90-Minute Lecture Strategy (50 Slides)

Part 1: The Measurement Chain (Slides 1-10)

  • From atoms to bits: The signal formation process.
  • Resolution, Contrast, and Information depth.
  • Sampling and Aliasing: The Nyquist-Shannon limit in the lab.

Part 2: Statistical Foundations (Slides 11-20)

  • Review of Variance, Covariance, and Correlation (Neuer Ch 2).
  • The Covariance Matrix: A geometric view of data spread.
  • Noise distributions: Why your error bars look the way they do.

Part 3: Dimensionality Reduction: PCA/SVD (Slides 21-35)

  • The intuition: Finding the “Natural” coordinate system of the data.
  • Step-by-step PCA: Mean centering, Covariance, Eigen-decomposition.
  • SVD: The engine of dimension reduction.
  • Interpreting Singular Values: The “Scree Plot” and explained variance.

Part 4: Materials Case Studies (Slides 36-45)

  • Spectral Denoising: Using PCA to separate signal from noise in EDS/XRD.
  • Time-series Compression: Managing high-frequency process logs.
  • Microstructure Eigen-modes: What does the “average” grain look like?

Part 5: Physics-ML Integration (Slides 46-50)

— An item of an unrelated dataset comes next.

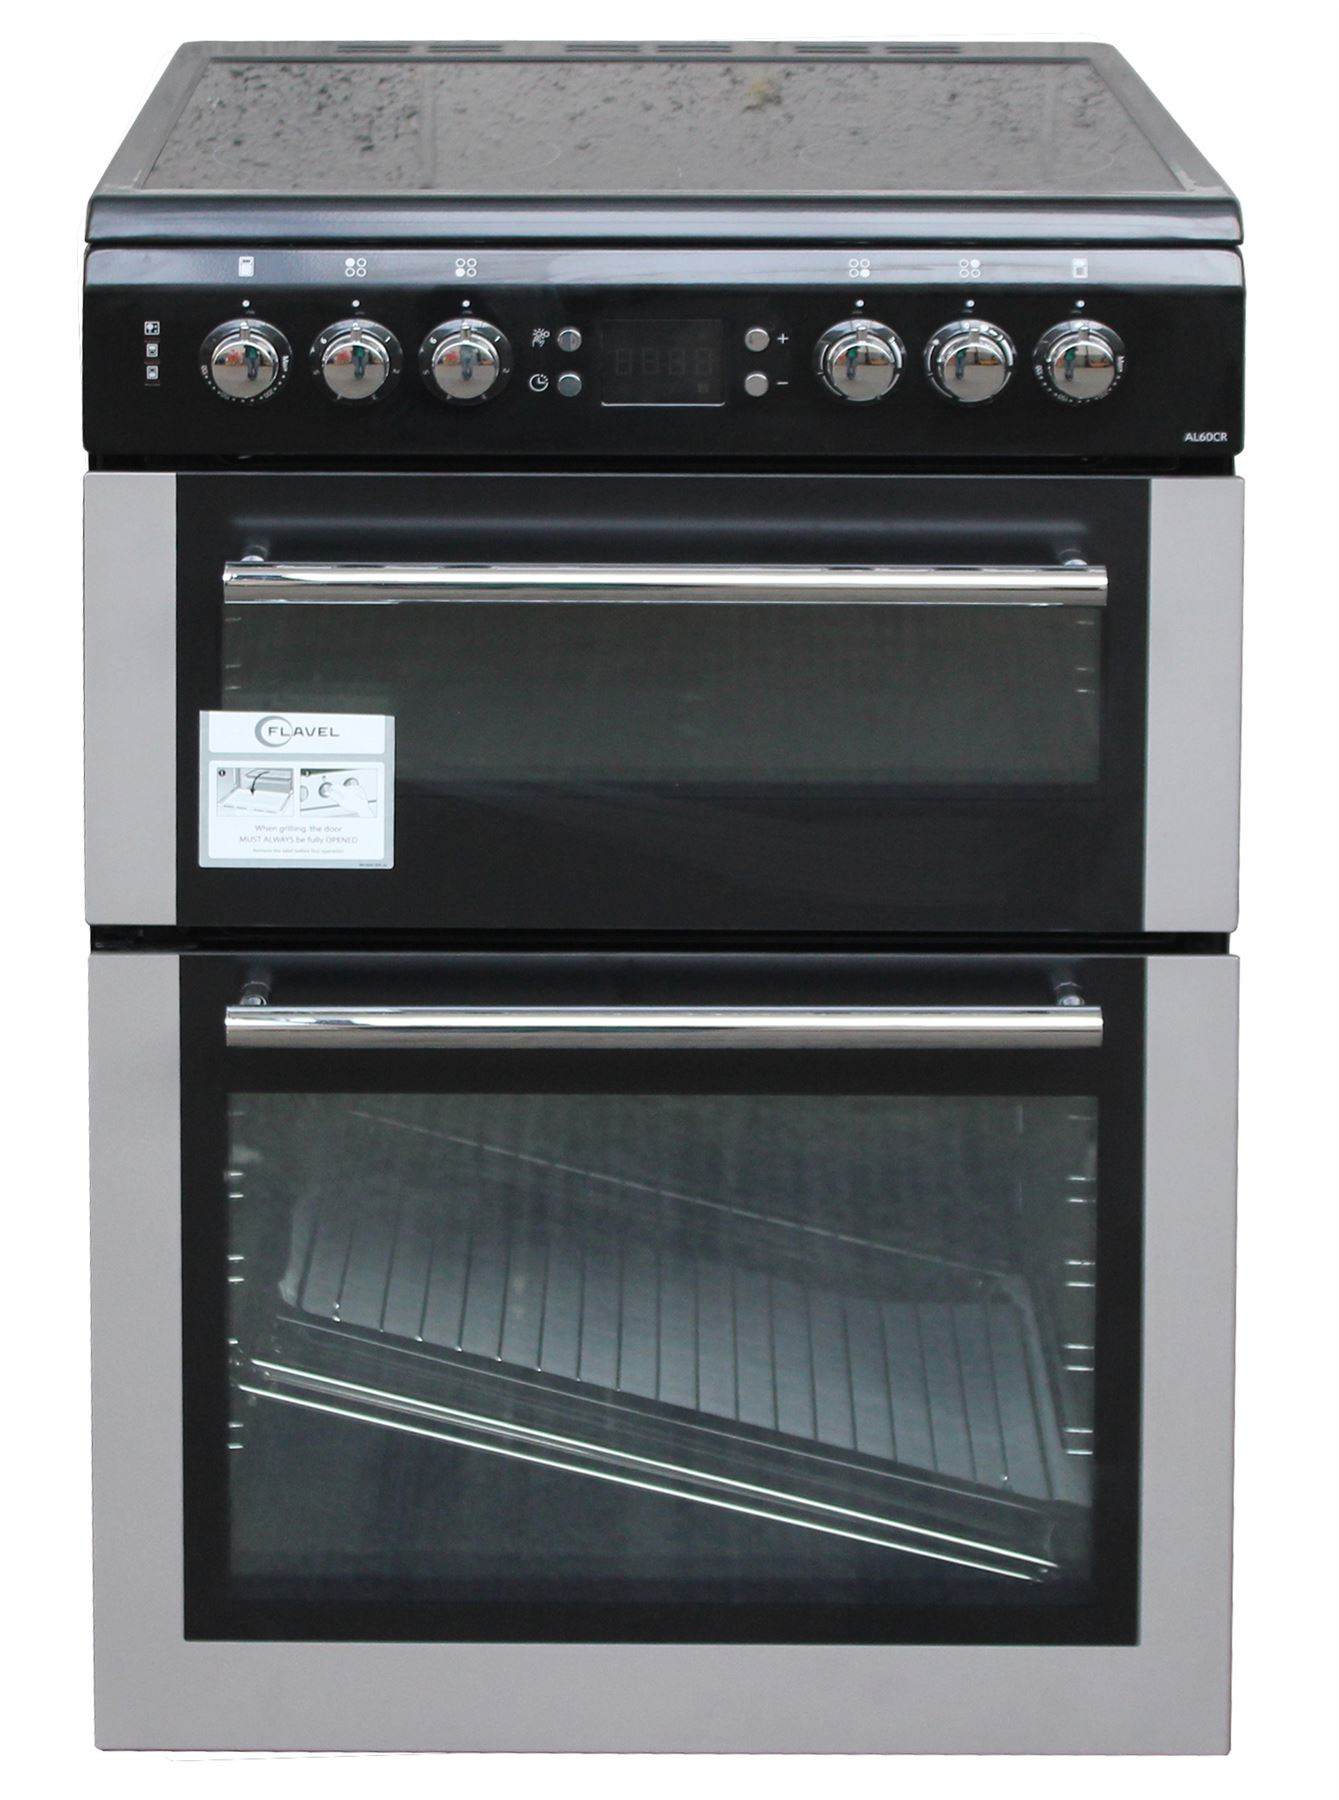 Leisure 60cm Electric Cooker Al60crk Mini Range Double
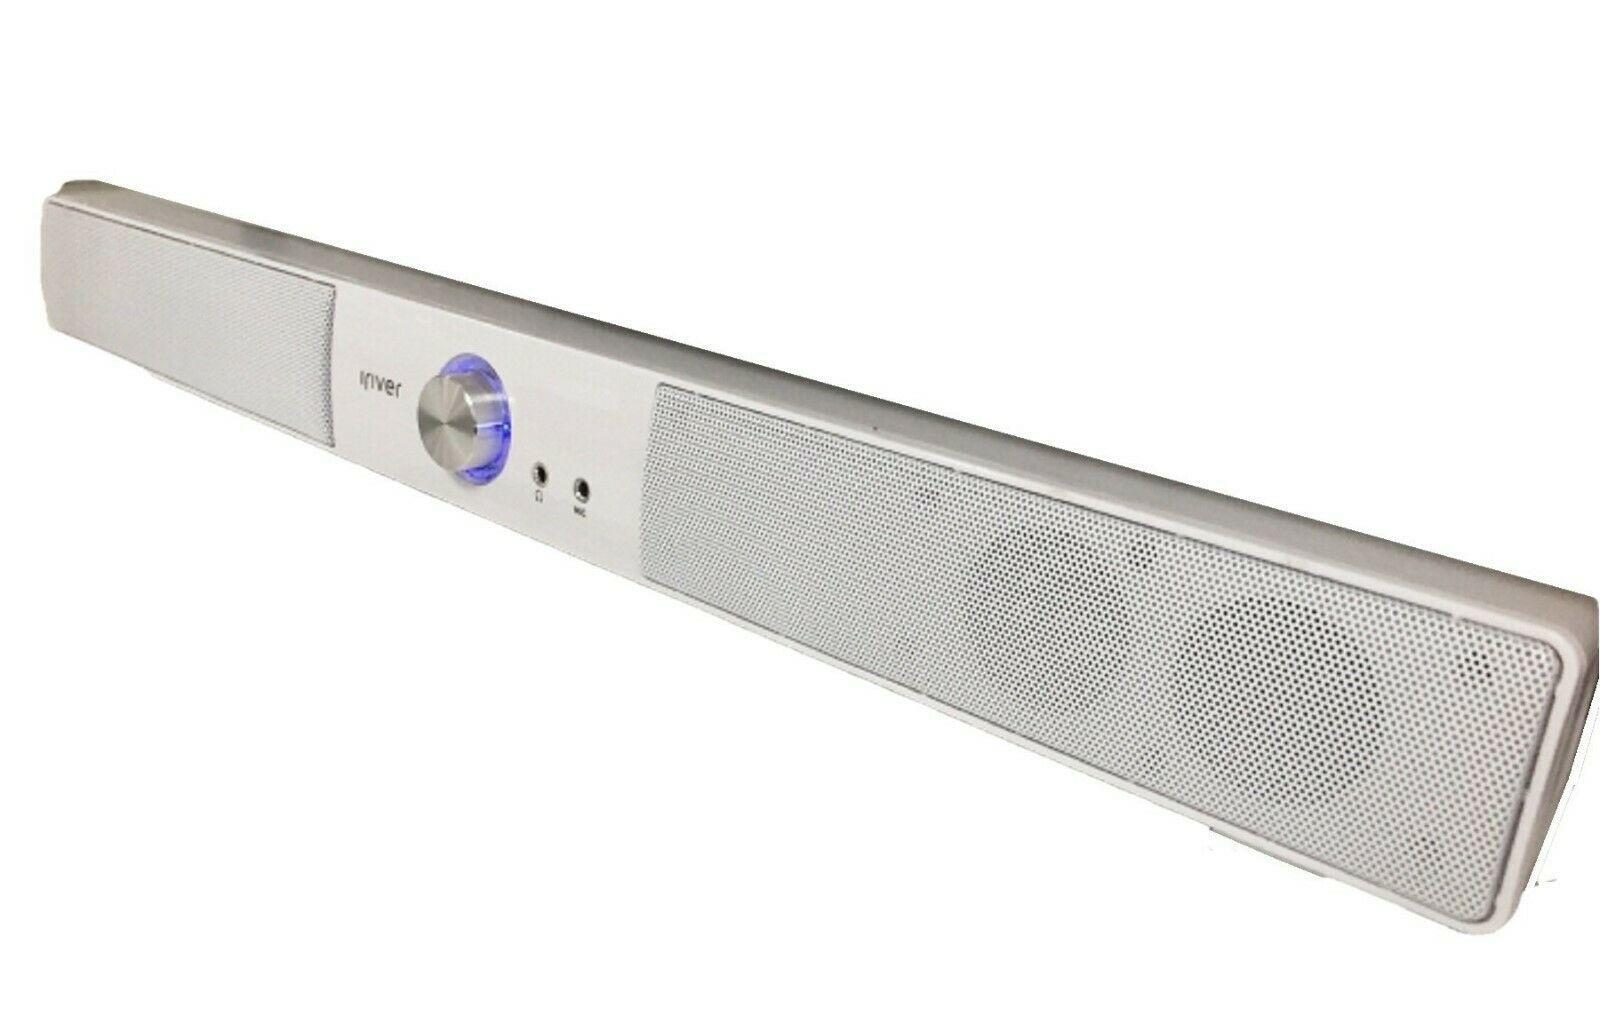 iRiver IBS-400 USB Powered Computer PC Speaker Wired Sound Bar 2Ch (White)

  • PCA as a “Physical Mode Finder.”
  • When PCA fails: Non-linearity and the need for more complex manifolds.
  • Introduction to the Fourier exercise: Inspecting periodicity in micrographs.

Quarto Website Update (Summary)

Summary for ML-PC Week 2:
This unit bridges the gap between the physical process of data acquisition and the mathematical tools used to describe it. We analyze how signals are formed in characterization tools and how physical constraints (resolution, noise, sampling) act as priors for learning. We then introduce Principal Component Analysis (PCA) and Singular Value Decomposition (SVD) as fundamental techniques for discovering low-dimensional structure in high-dimensional experimental datasets.